Data for this exercise =
------------------------------------------------

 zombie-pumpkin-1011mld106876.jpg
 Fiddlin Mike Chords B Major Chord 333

------------------------------------------------

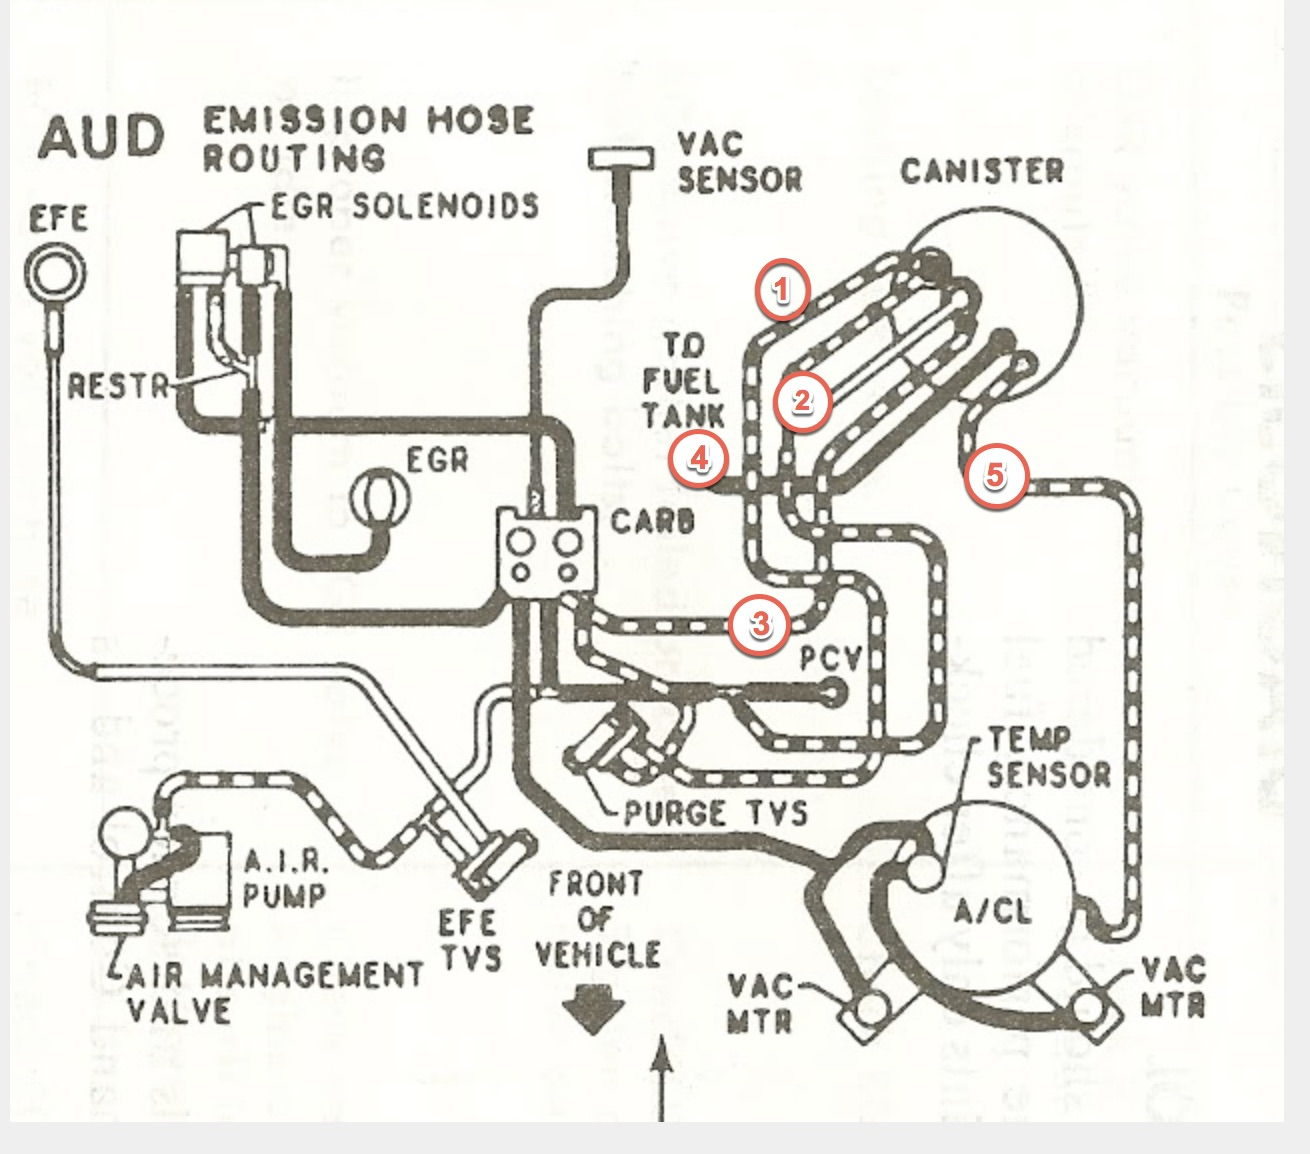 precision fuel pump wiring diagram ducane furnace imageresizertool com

------------------------------------------------

Output only an exact transcription of the lines above from the one with "zombie-pumpkin-1011mld106876.jpg" up to and including the one with "Fiddlin Mike Chords B Major Chord 333".

 zombie-pumpkin-1011mld106876.jpg
 Fiddlin Mike Chords B Major Chord 333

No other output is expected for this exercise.